Most of the group arrived the night before, having a cheeky morning of climbing at Godnor before the rains came.

Ben led the way to Rainshadow wall where they could keep climbing in the rain. Damien and Ben cruised anything and everything. Andrew, Martina, and Matthijs had their first bouldering experience outdoors, all managing to send two problems (f4) and then failing the third (f5+) where it became apparent just how soft indoor grading is. Time for practice then!

When they were done, the group ate industrial quantities of Chinese food (courtesy of Golden Island) and sank into their respective food comas. In the evening, the last car group arrived carrying Alistair and Christine, having decided they had no interest in climbing in the wet predicted for earlier in the day and prepared themselves for the next day.


Two vehicles set off for the crag on a beautiful morning. The horrific weekend forecast had put off all but the most hardened / foolhardy climbers and we were ready to reap the benefits of empty crags and gorgeous weather. At which point, a warning light on the car dashboard came on for the late car group, and well.. <Redacted due to PTSD>

<story continued..> Plenty of careful walking along the path to Blacknor North found it largely empty and it was a pleasure to get on a number of often congested routes. Everyone had a good time, basking in the sun when it popped over the cliff.

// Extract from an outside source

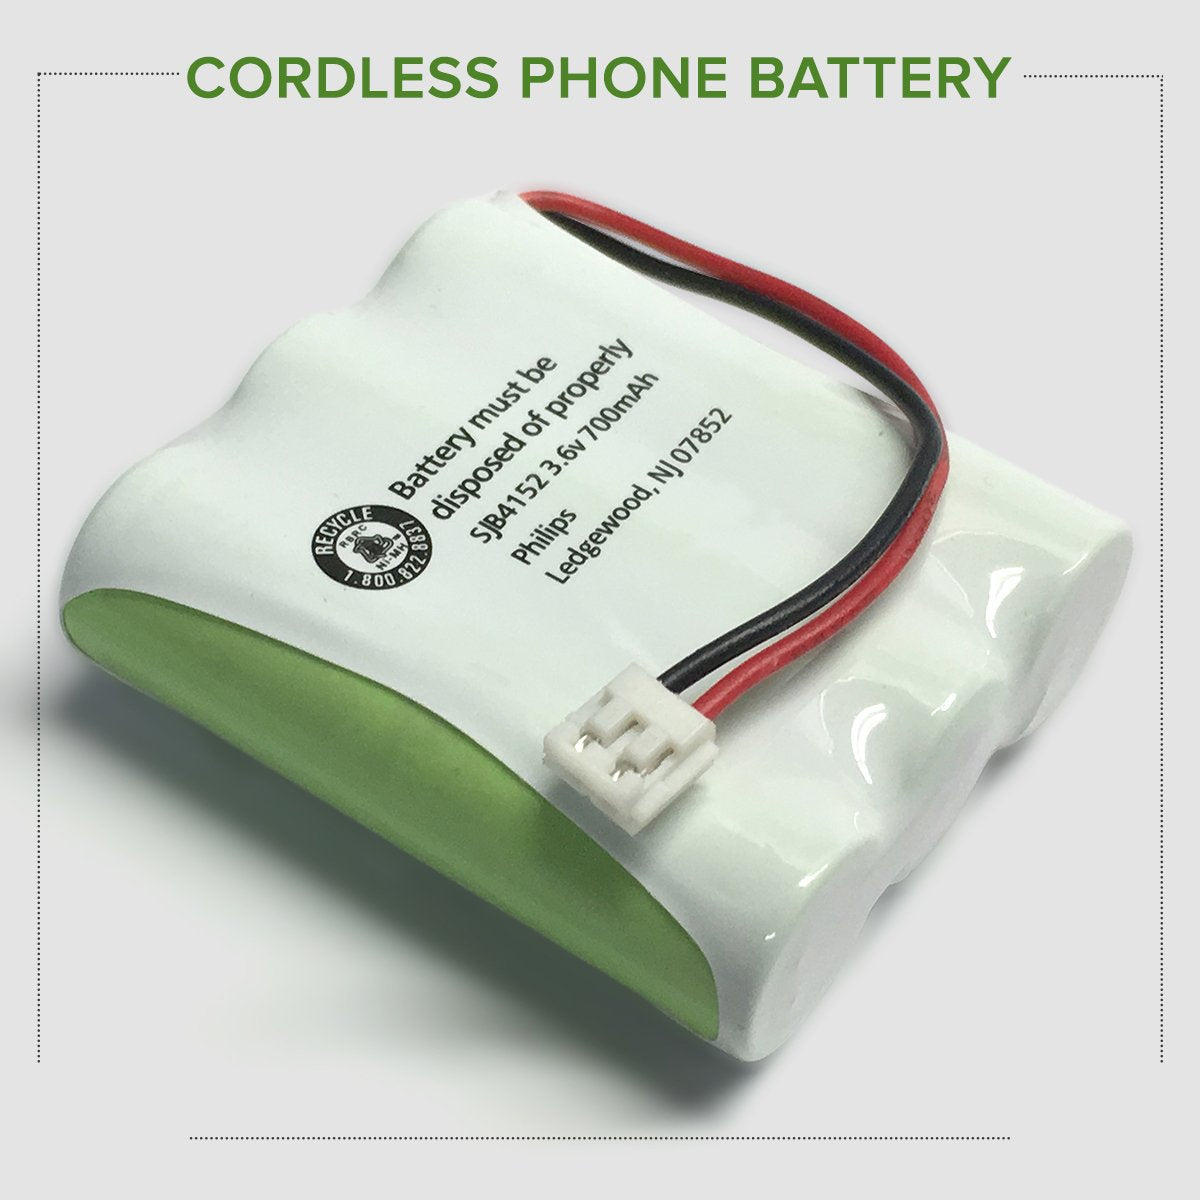 AT&T  E2127 Cordless Phone Battery

Thank you to Damien for rescuing the quickdraws on an aborted attempt of Reptile Smile – turns out smeary bridges aren’t for everyone!

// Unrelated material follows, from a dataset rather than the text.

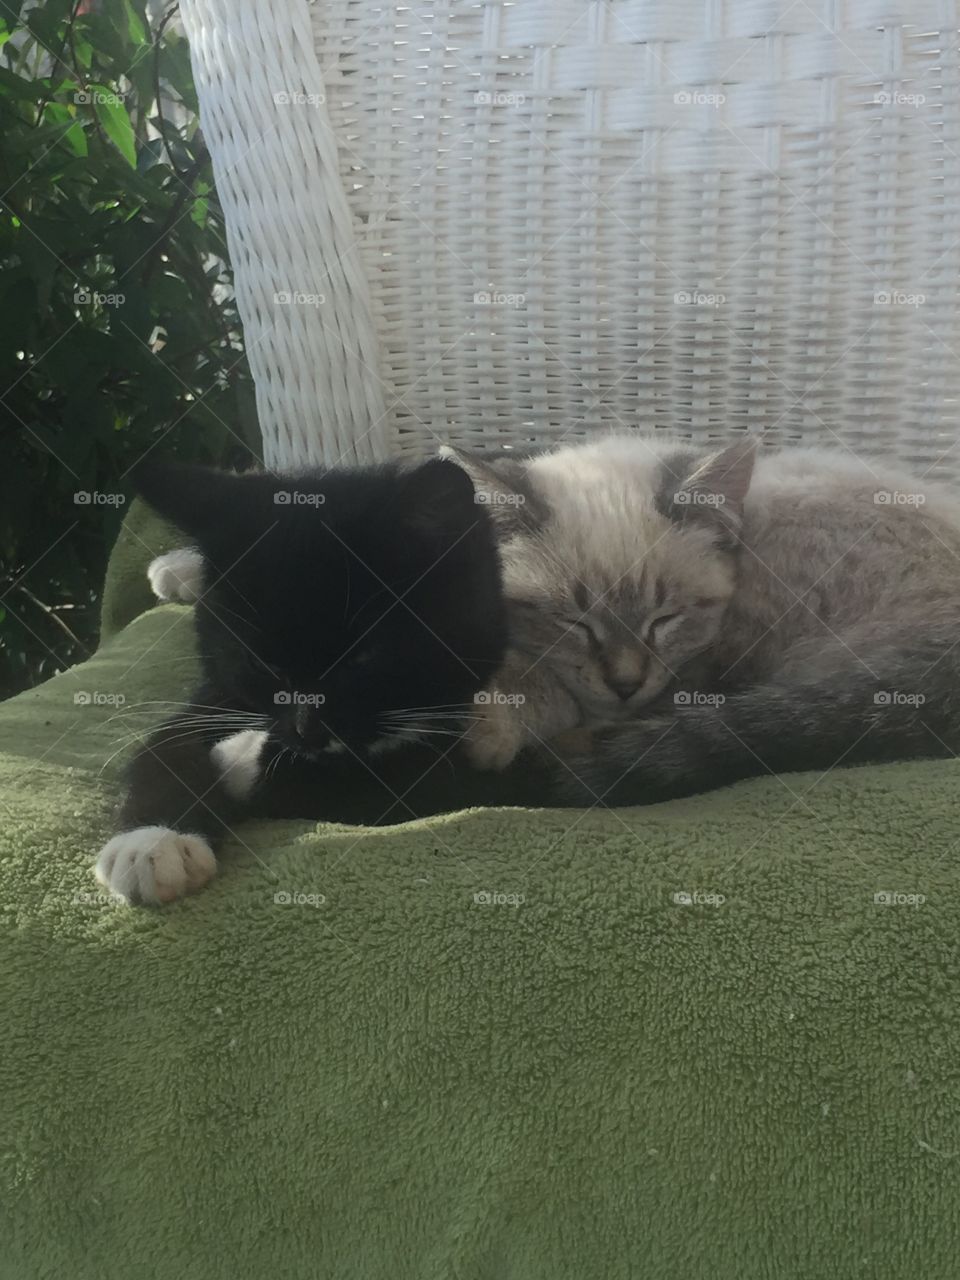 Two kittens: Salem and Jinx

Always an impressive area to climb.
All the flowstone, yo
A balancing act

Once this area was complete, everyone moving onwards to head to the next sector, closer to the via ferrata style exit but required some interesting bush-whacking walking and a walk down a steep rope protected slope.

Everyone was glad the rope was in situ
Last climb fun!

On the last climb, no one quite understood why Andrew thought he should start the route in bushes, but he did and it was amusing. He made the amusing error (along with most) in assuming the route was a face climb at first, which turned it from a 4+ to something that felt akin to 6a+. When each individual realised where the holds where it turned into a really pleasant climb to end the day.

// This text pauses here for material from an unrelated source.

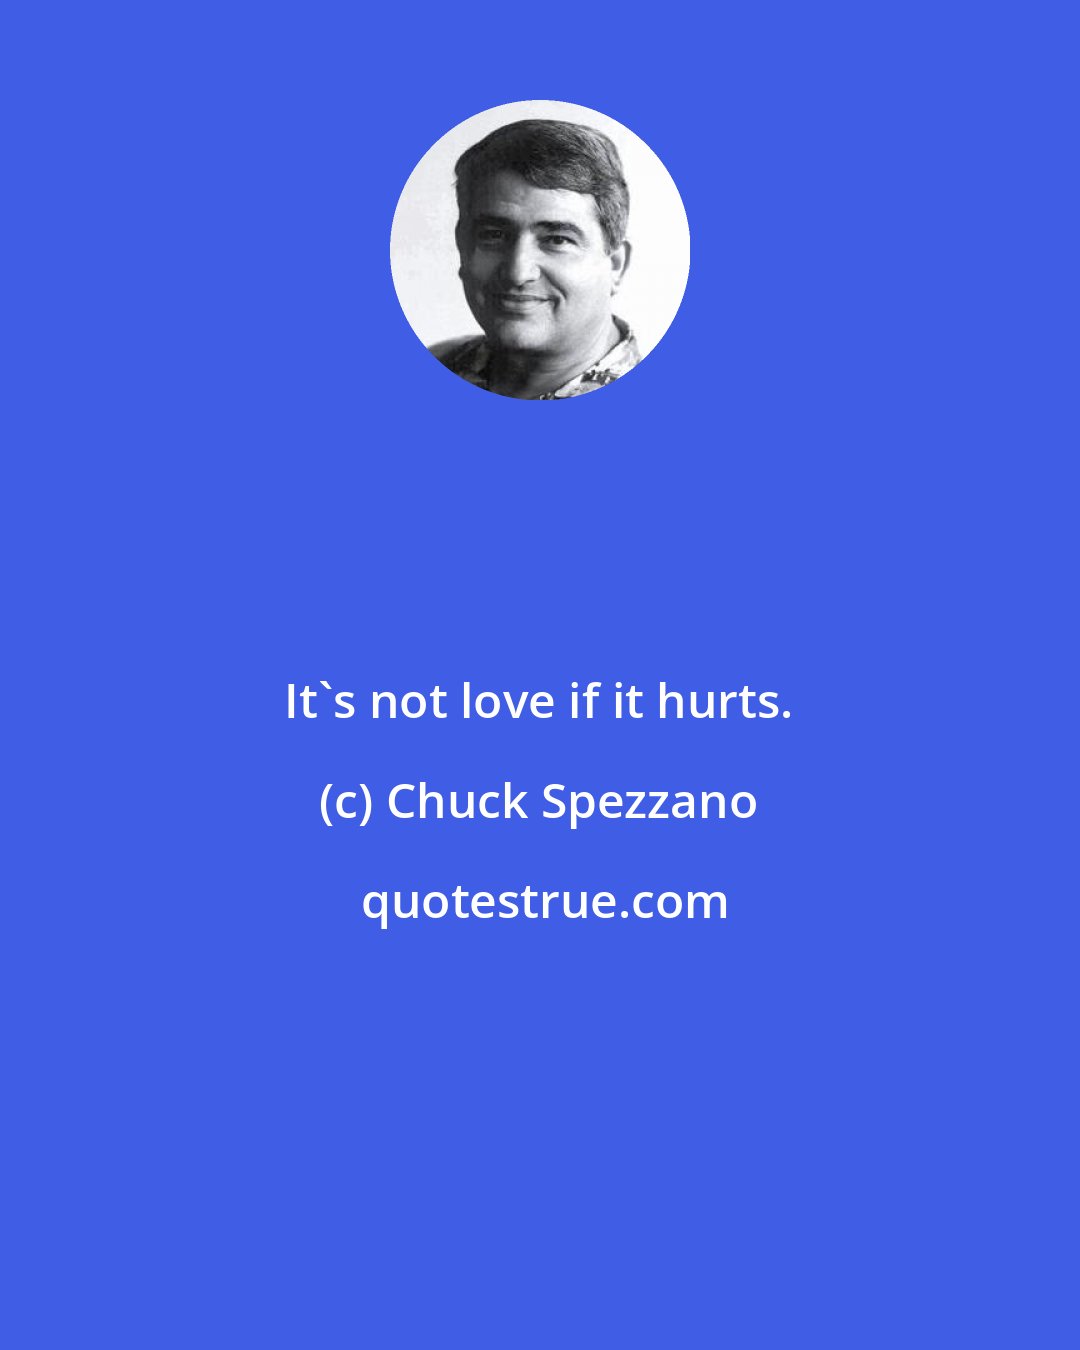 Chuck Spezzano: It's not love if it hurts.

Probably biggest achievement of the weekend: when Matthijs and Martina started pitching the tent at 10pm on Friday night…. “we realised one of our tent poles had snapped. To avoid the broken pole tearing up our tent, I removed my socks, tied them to the pole and not only it kept them upright throughout two very windy nights, but the tent was NOT damaged!”

Damien watching over other climbers enjoying their day

Editor: Thank you to Andrew for sorting out a great weekend, despite the odds faced by all!